> [What is required]
Go to the line with "B-Models 21.207" in the entries below and write out every line from there through the line with "たくさんの緑の植物の鉢植えで", exactly and without pictures.

> [Supplied records]
==============================

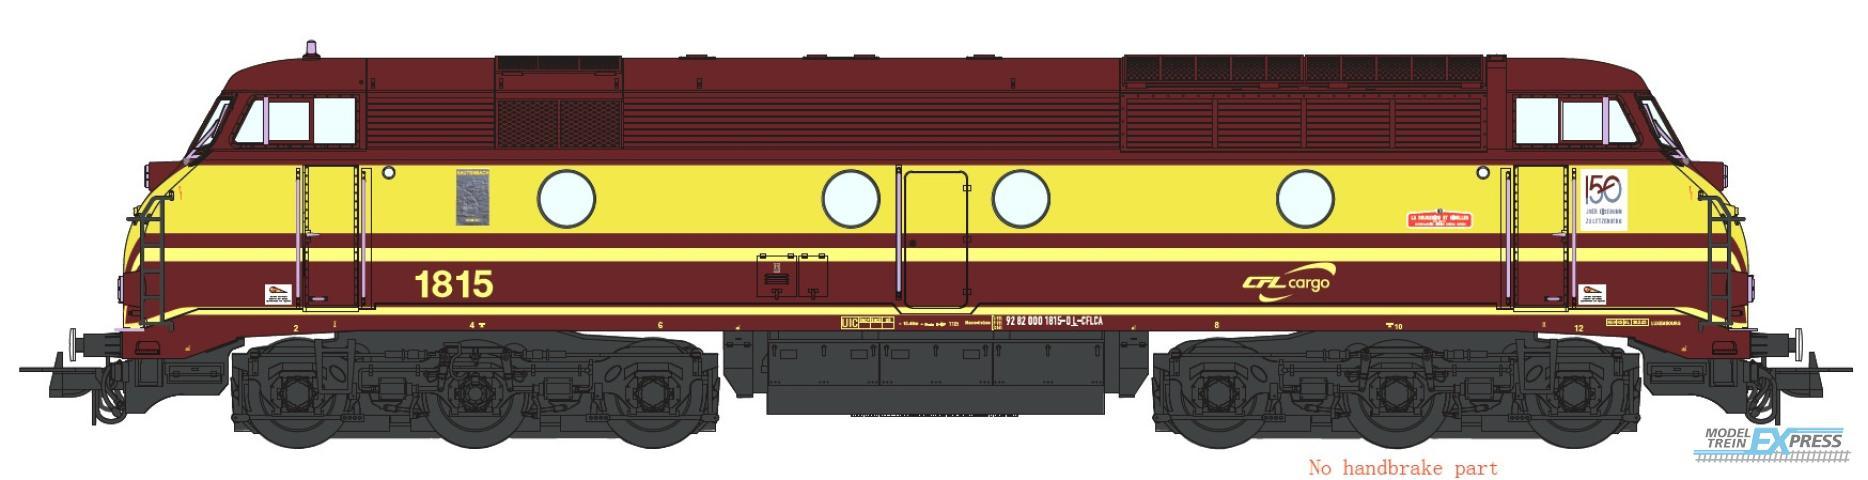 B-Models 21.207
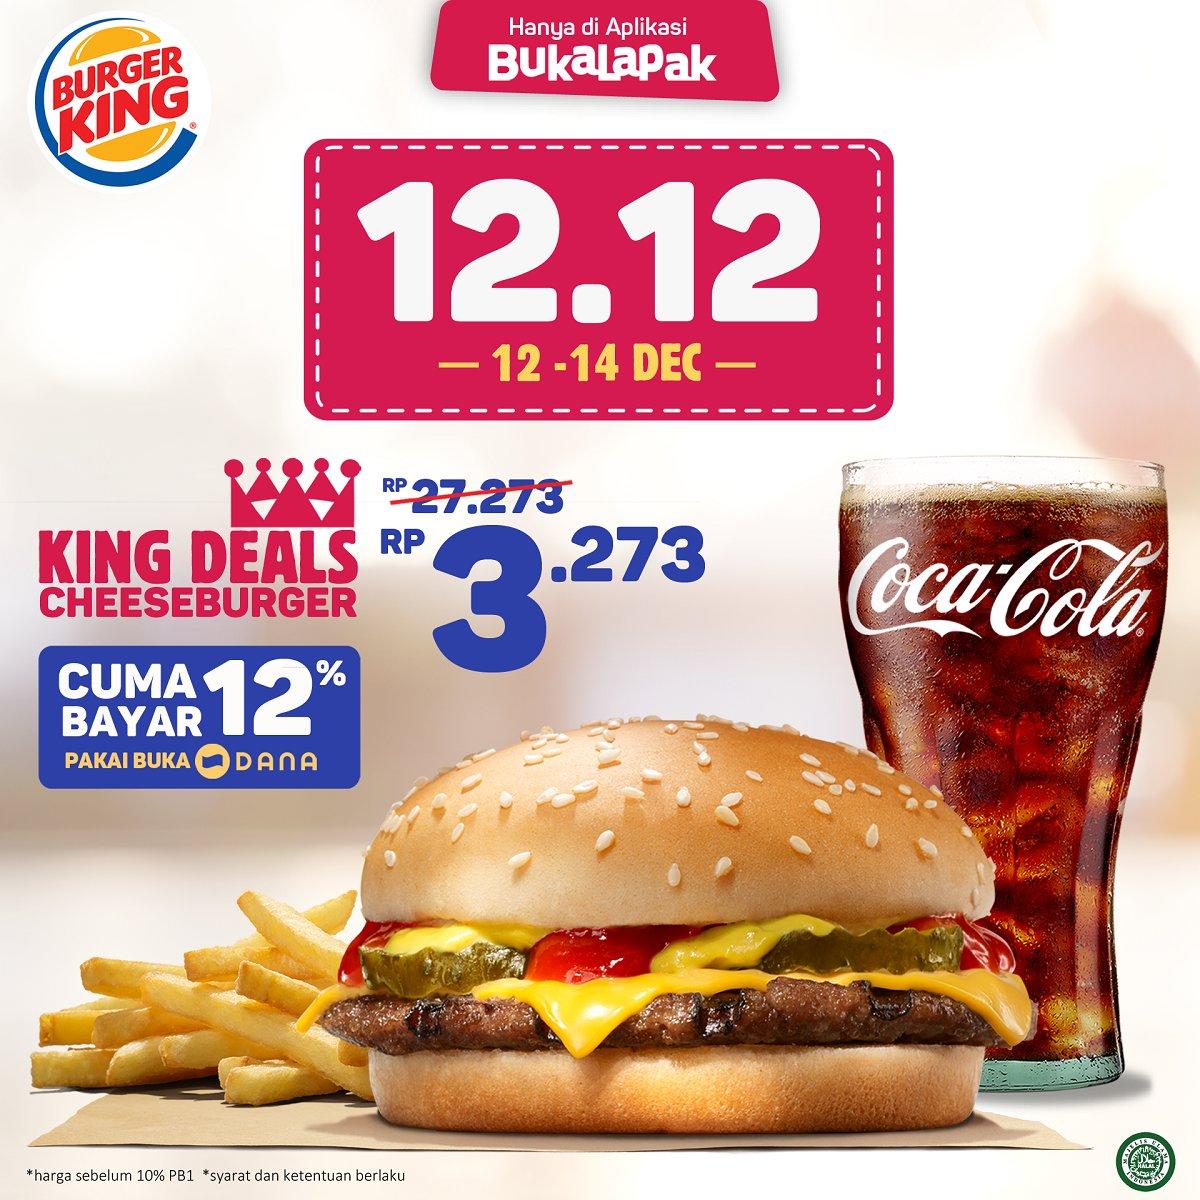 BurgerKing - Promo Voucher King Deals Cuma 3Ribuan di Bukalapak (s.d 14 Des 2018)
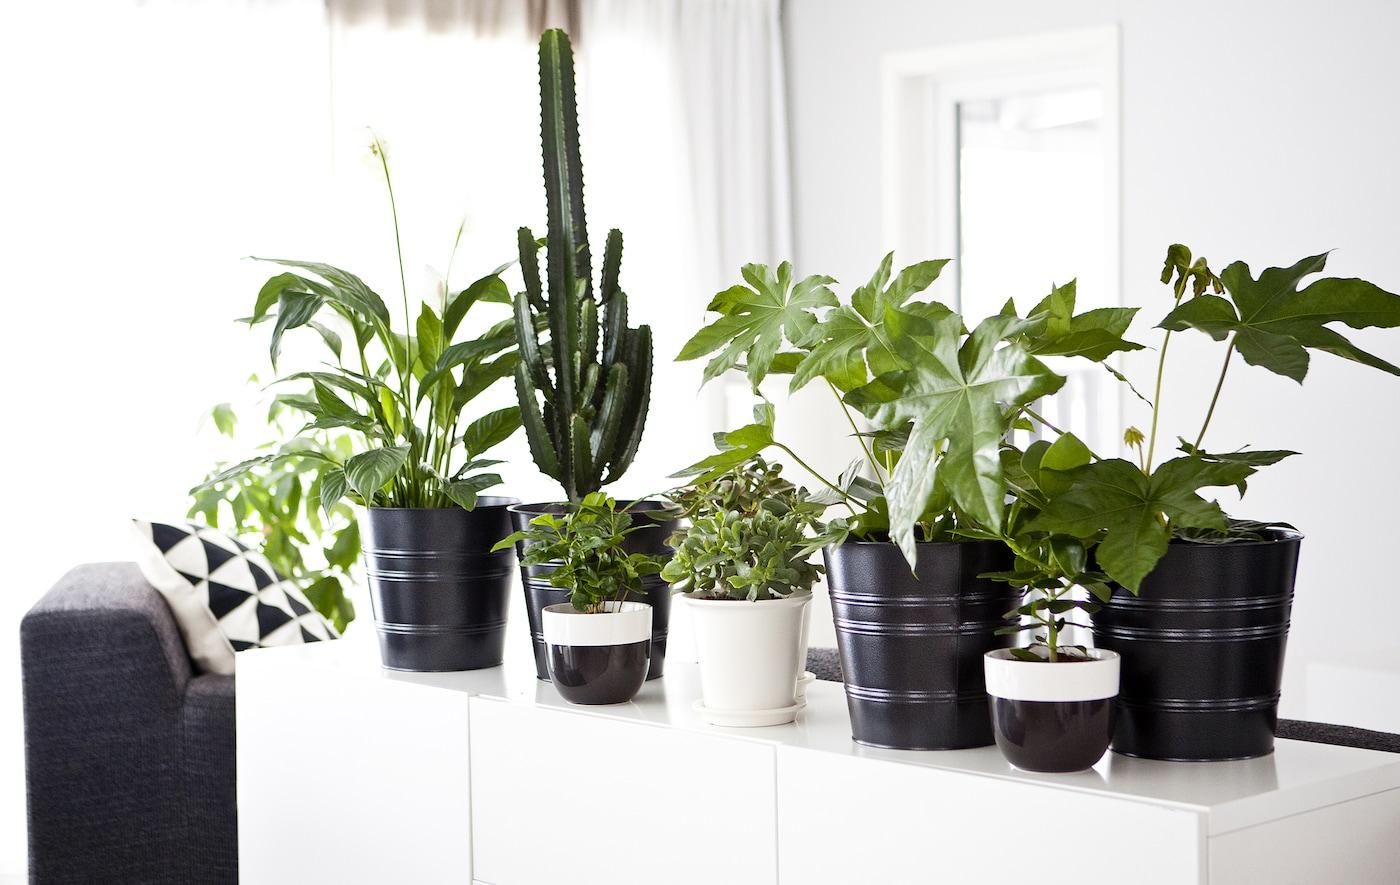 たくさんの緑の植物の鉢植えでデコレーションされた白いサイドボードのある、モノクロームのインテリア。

==============================

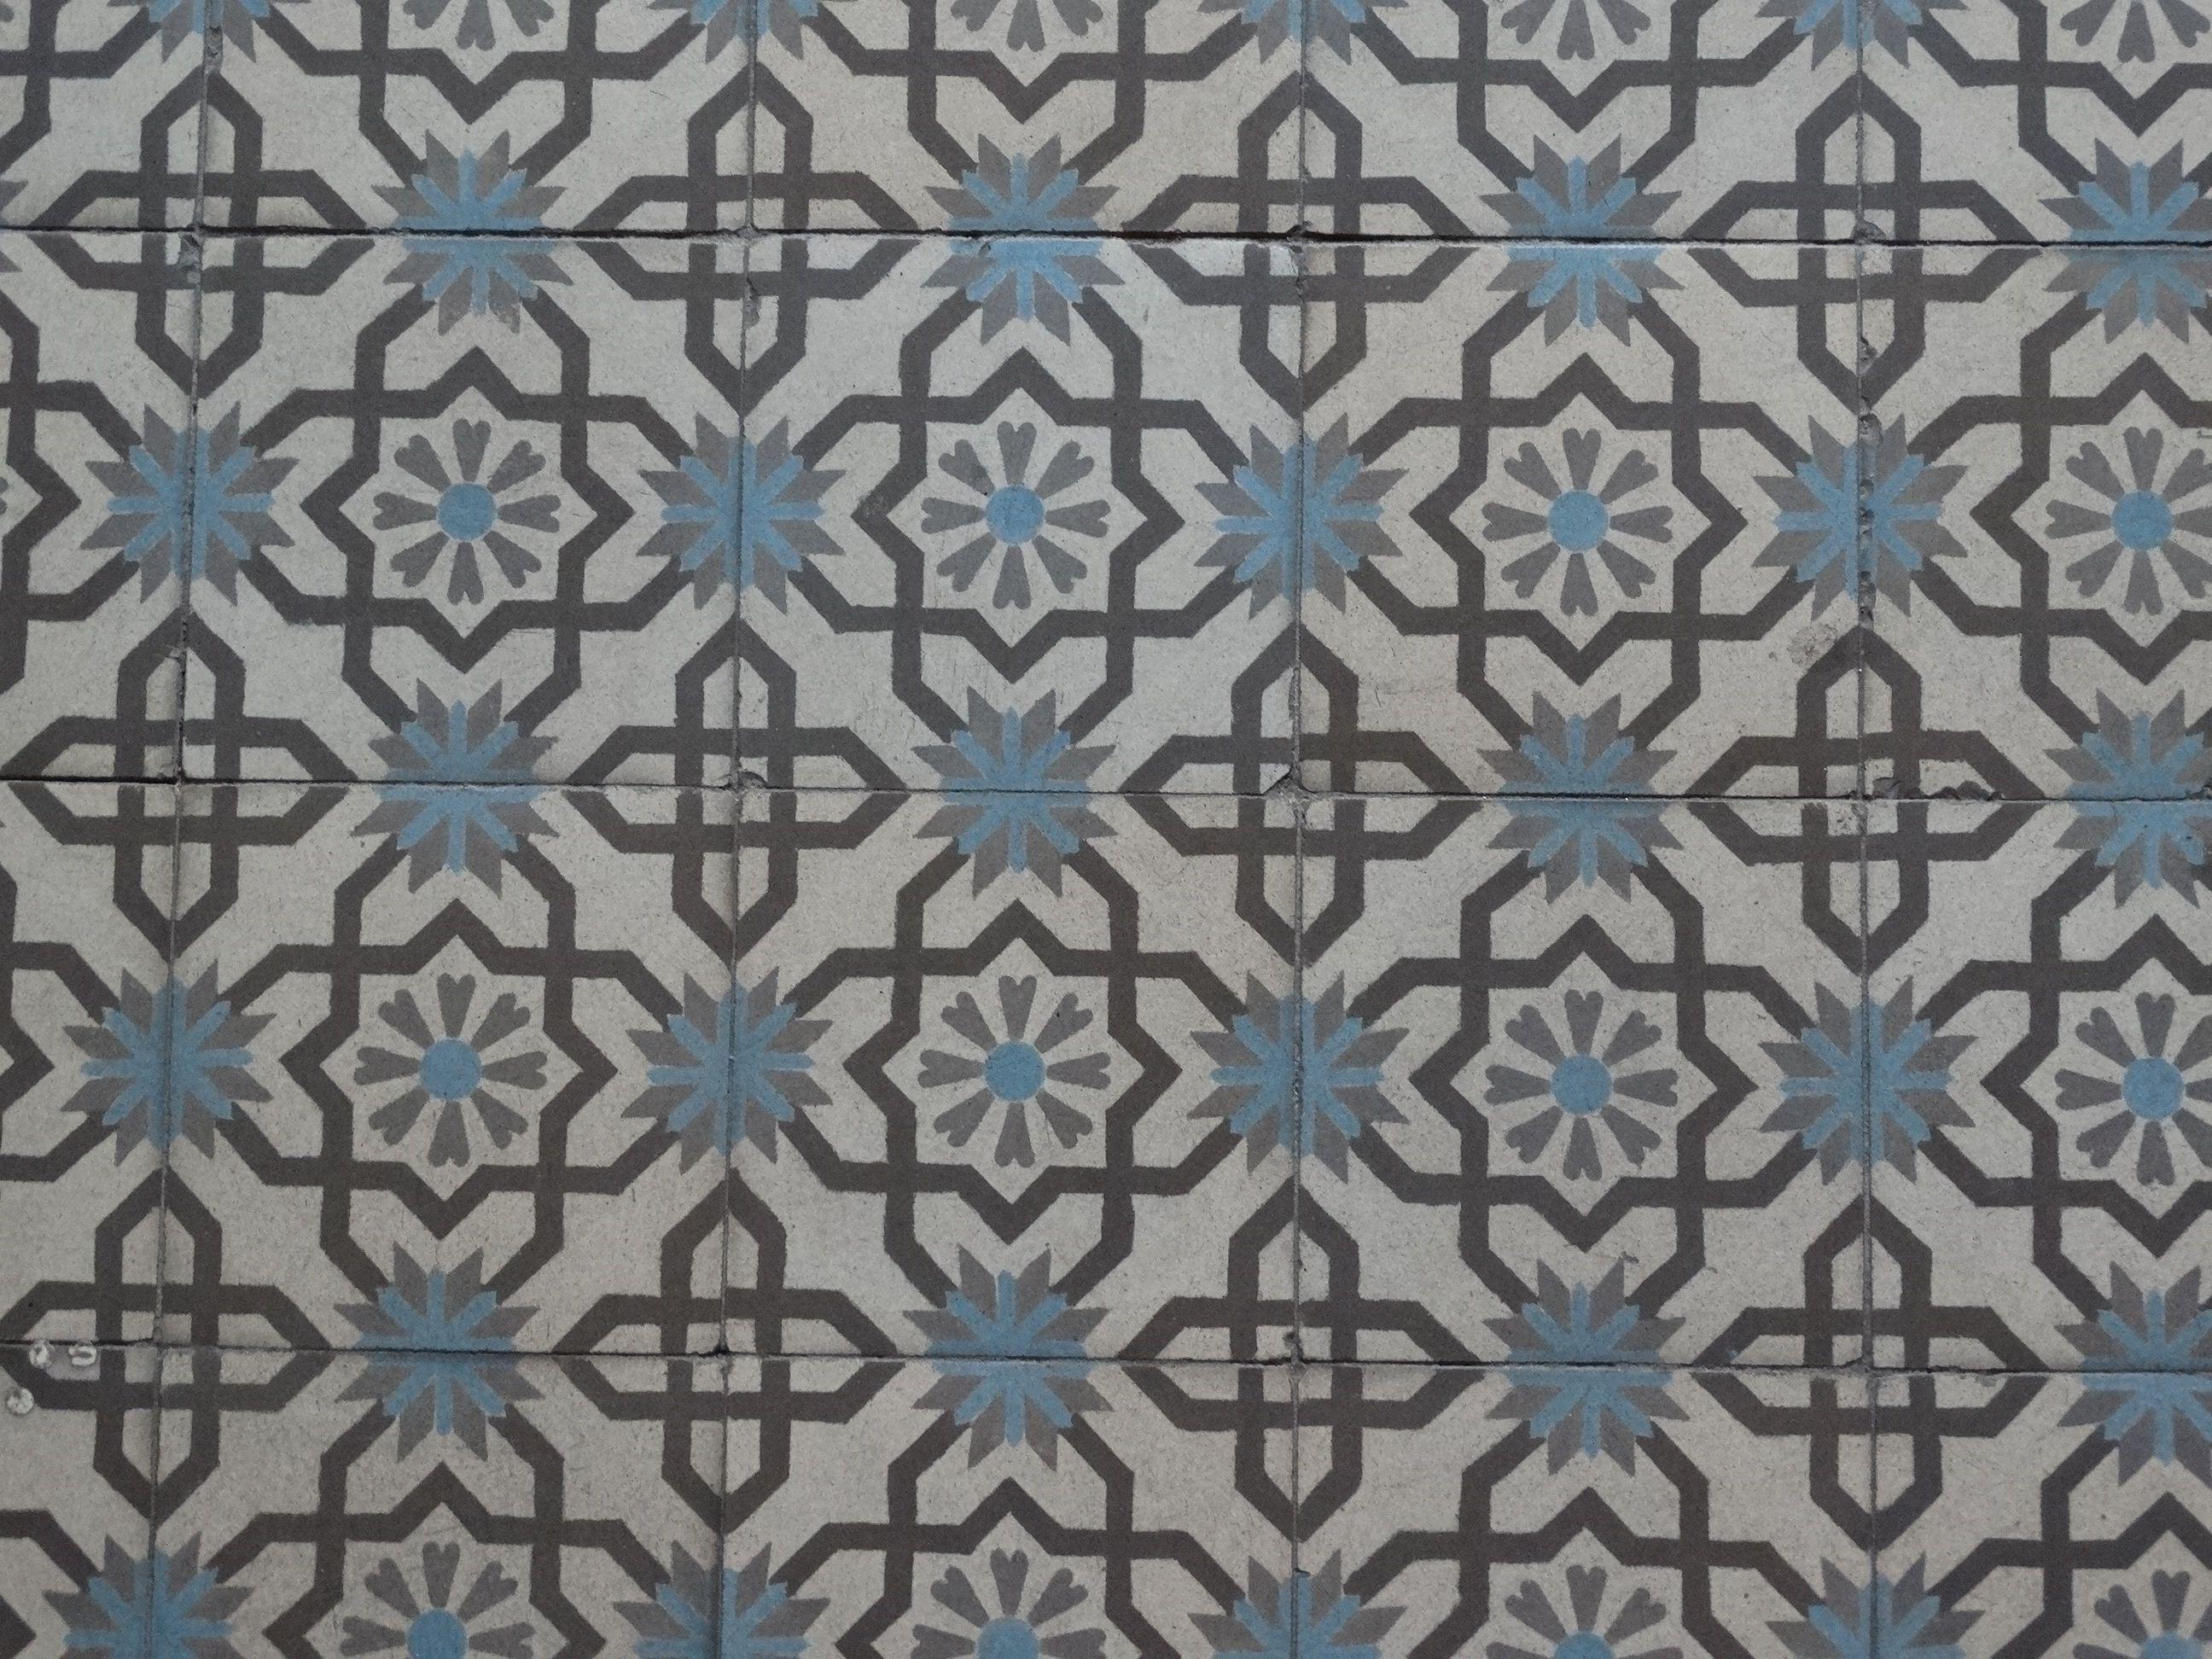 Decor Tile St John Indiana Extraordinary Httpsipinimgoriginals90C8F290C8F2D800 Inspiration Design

==============================

> [Exercise response]
 B-Models 21.207
 BurgerKing - Promo Voucher King Deals Cuma 3Ribuan di Bukalapak (s.d 14 Des 2018)
 たくさんの緑の植物の鉢植えでデコレーションされた白いサイドボードのある、モノクロームのインテリア。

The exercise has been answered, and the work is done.